The Cachet lens is a new flexible phakic lens implant designed to correct higher degrees of myopia from -6 to -16.5 D. The current design does not correct astigmatism.
Since the range of optical defects correctable by the Cachet lens overlaps with that which can be achieved with LASIK, or with Artisan, Artiflex, or Implantable Contact Lens (ICL) surgery, for some people there may be a choice between the treatments, decided upon by the following factors:
Easily adjusted optical outcome and generally effective correction of astigmatism.
Cheaper than Cachet lens surgery.
LASIK may be contra-indicated if the cornea is too thin, or if there are topographic signs suggestive of keratoconus.
LASIK causes irreversible changes to the corneal structure, and if too much corneal tissue is removed the cornea may undergo ectasia leading to poor vision and loss of correction.
The quality of the optical correction with LASIK may sometimes not be as good as that achieved by a Cachet lens, especially in high degrees of myopia. This is because the final optical surface created can be less regular than that of a manufactured lens, due to variables in the surgical procedure and the wound healing process.
If needed, fitting of contact lenses may be difficult post-operatively, due to the irregular shape of the cornea.
Cachet advantages :
Good quality correction of spherical optical defects.

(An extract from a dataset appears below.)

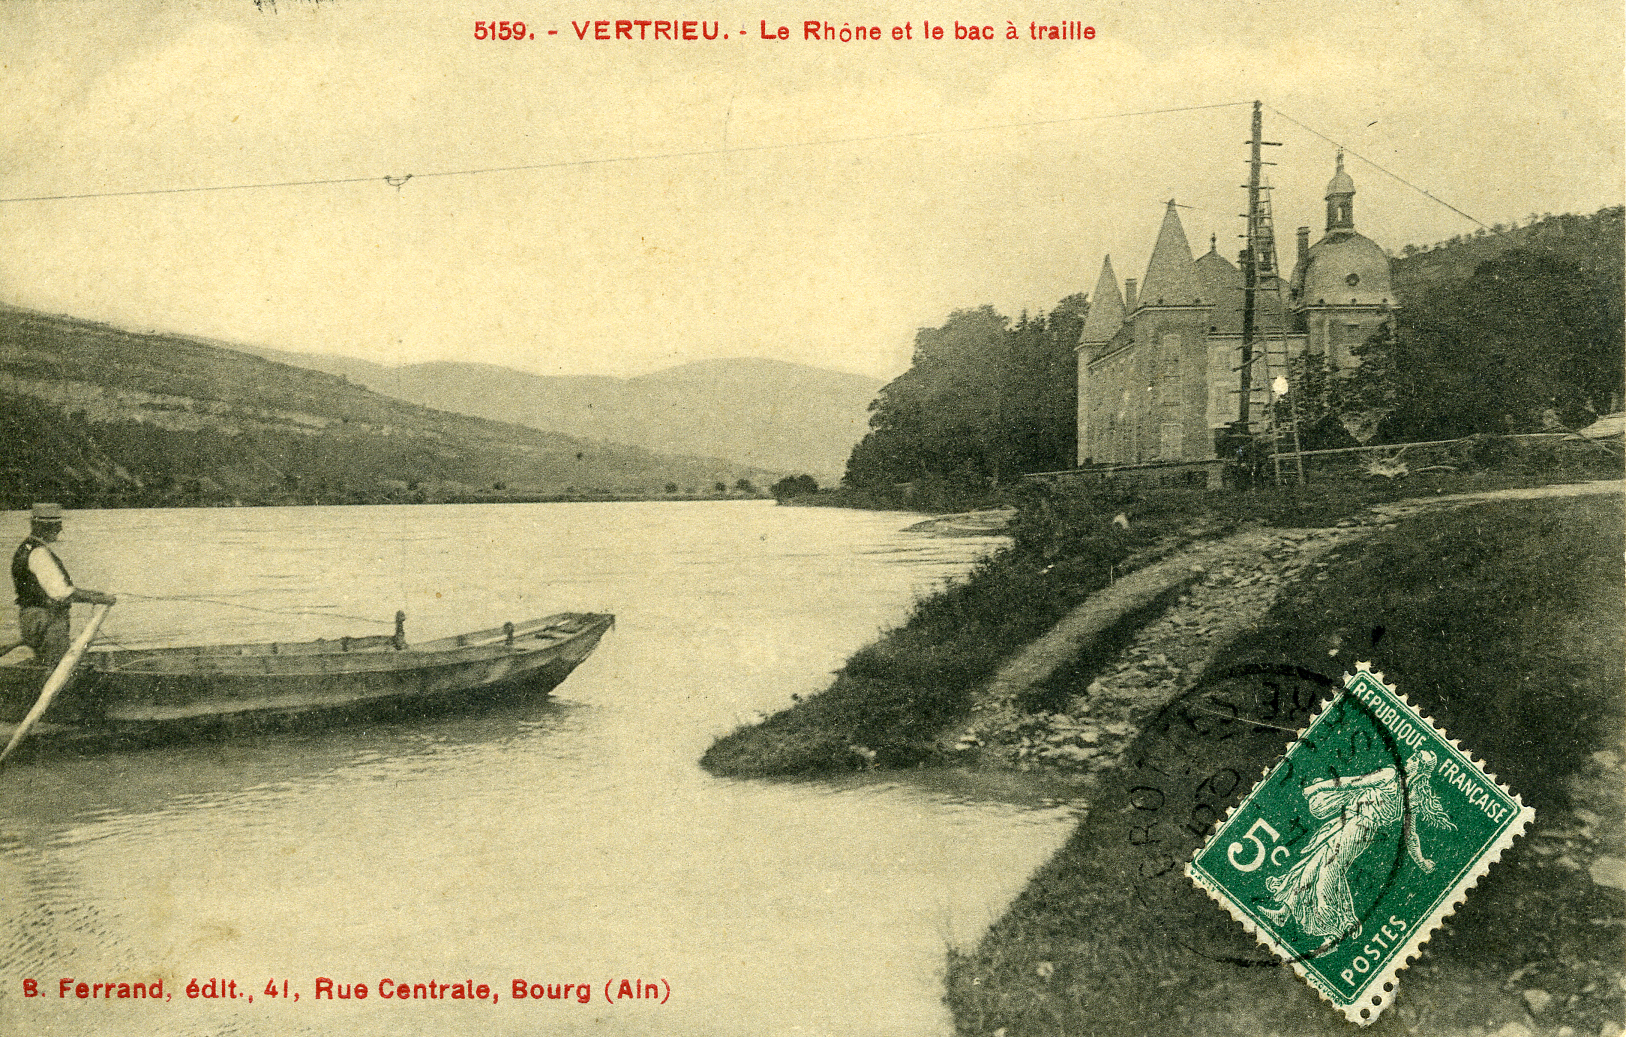 Le Rhône et le bac à traille.jpg

No change in ease of contact lens correction post-operatively, should this is needed.
Possibility of adjustment or correction of final optical outcome by LASIK surgery (Bioptics).
Intraocular lens implantation carries an extremely small but unavoidable risk of introduction of infection into the eye. This is a very serious complication which can lead not only to loss of vision, but even to loss of the eye.

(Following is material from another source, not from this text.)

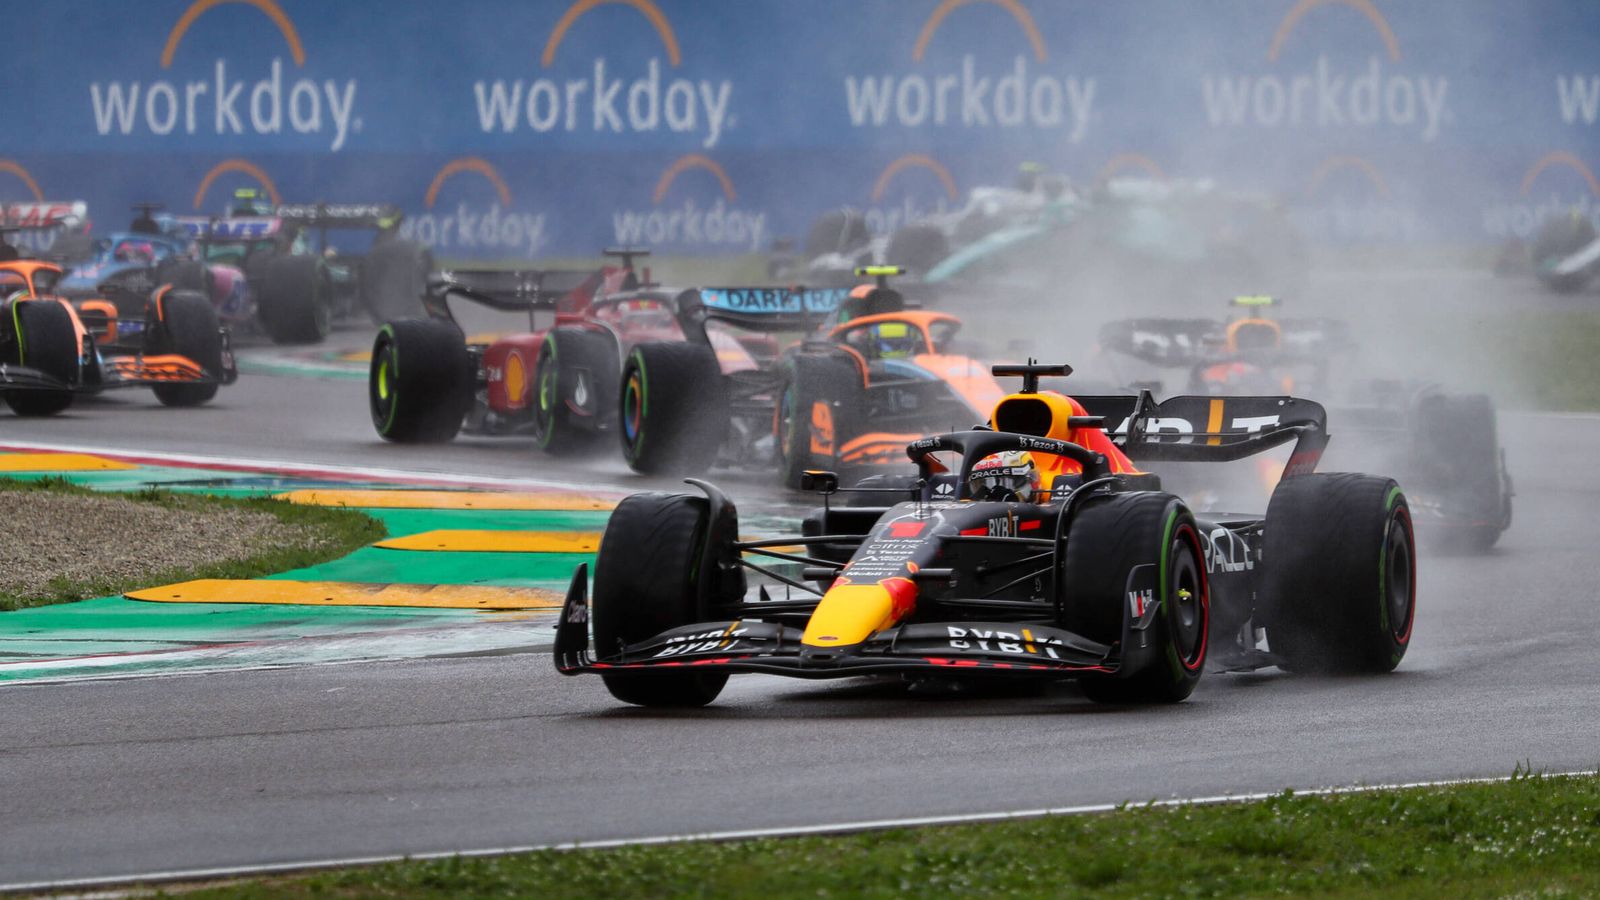 Formel 1 Lage in Imola weiter angespannt Formel 1 News Sky Sport

Intraocular surgery also carries the risk of damage to other structures in the eye, such as the lens, the iris, and the trabecular meshwork, giving potential complications of cataract, glaucoma, iritis, and also possible retinal complications such as cystoid macular oedema and retinal detachment.
Intraocular surgery causes some irreversible loss of corneal endothelial cells. Loss of these cells diminishes the functional reserve of the cornea, and could ultimately contribute to corneal failure due to endothelial cell depletion.

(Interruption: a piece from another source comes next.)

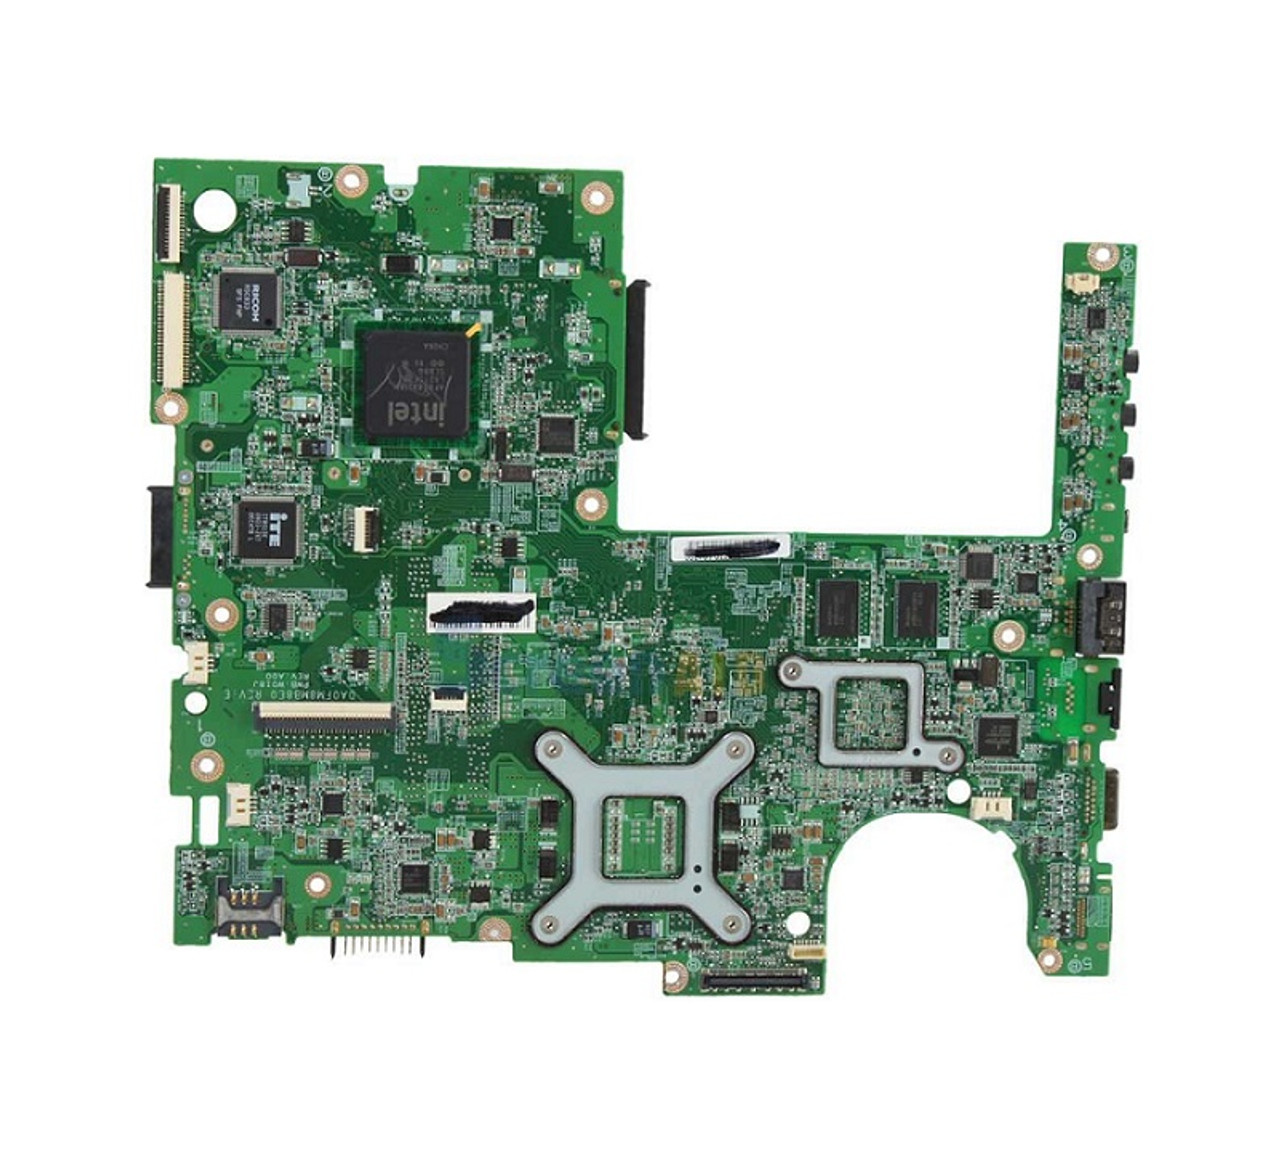 580240-001 - HP G60 Compaq Cq50 Intel Laptop Board (Refurbished)

Because of the close proximity of the Cachet lens to the cornea, corneal complications may possibly be more frequent than with ICL implantation. The optical outcome may not be accurate, and can only be adjusted by replacement of the Cachet lens or additional surgery such as LASIK.
The quality of vision obtained in low light conditions may be poor if the size of the dilated pupil exceeds the size of the optical portion of the Cachet lens.
Previous designs of angle-supported phakic intra-ocular lenses have been sometimes complicated by distortion of the pupil shape (ovalling), but this does not appear to be a significant problem with the cachet so far.
Since the long-term acceptability of Cachet lenses has not been established, there remains the possibility that lenses implanted in young adults now, will need to be surgically removed at some point in the future, and such further surgery would add to the risk of potential complications.
Because of the risk of complications such as glaucoma, insertion of a Cachet lens makes regular long term follow-up advisable.
The presence of the Cachet lens may be noted on close inspection of the eye, and reflections from the surface of the optic can be seen under certain lighting conditions.
Cachet surgery is more expensive than LASIK.
Cachet Lens Surgery
The insertion of the Cachet lens is carried out with either local or general anaesthetic. In a local anaesthetic, drops are put into the eye to constrict the pupil and anaesthetise the cornea. A 2.6 mm incision is made at the edge of the cornea, and the lens is inserted into the eye and carefully positioned.
Since the surgical incision is small it is usually self sealing, so no sutures are required. After the operation antibiotic drops are given to help prevent infection, and steroid drops to suppress inflammation. Visual recovery is rapid, with functional vision virtually straight away and stabilisation of refraction after some weeks.